● **Recorded information**:
Content starts

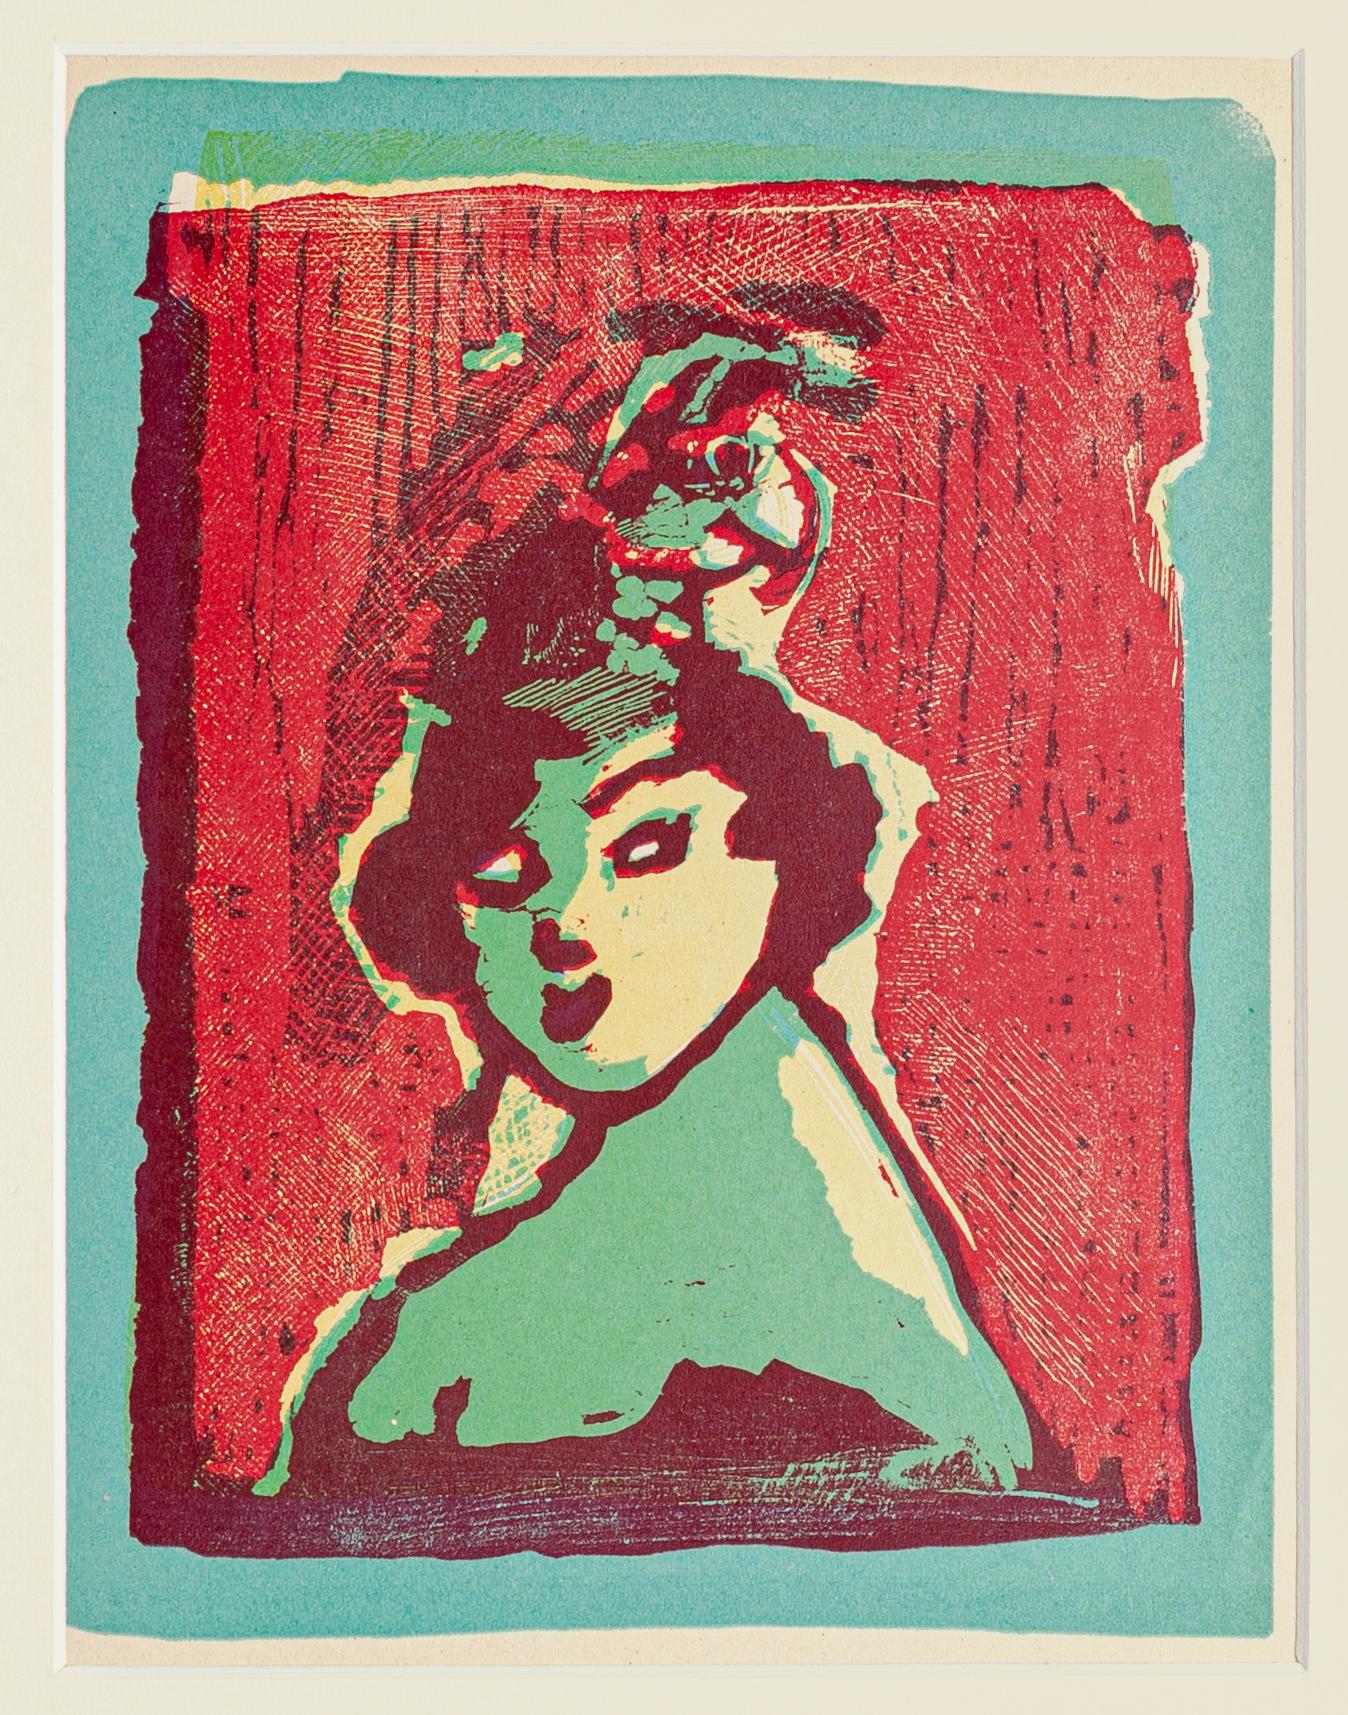 Woman is an original woodcut realized by Mino Maccari.

Included a white Passepartout: 49 x 34 cm.

The state of preservation is very good.

Mino Maccari (Siena, 1898 – Rom, 1989) was a popular Italian painter and engraver. He produced many artworks

Content ends

● **Your assignment**: Output the data above in full. Skip every picture.

● **Task answer**:
 Woman is an original woodcut realized by Mino Maccari.

Included a white Passepartout: 49 x 34 cm.

The state of preservation is very good.

Mino Maccari (Siena, 1898 – Rom, 1989) was a popular Italian painter and engraver. He produced many artworks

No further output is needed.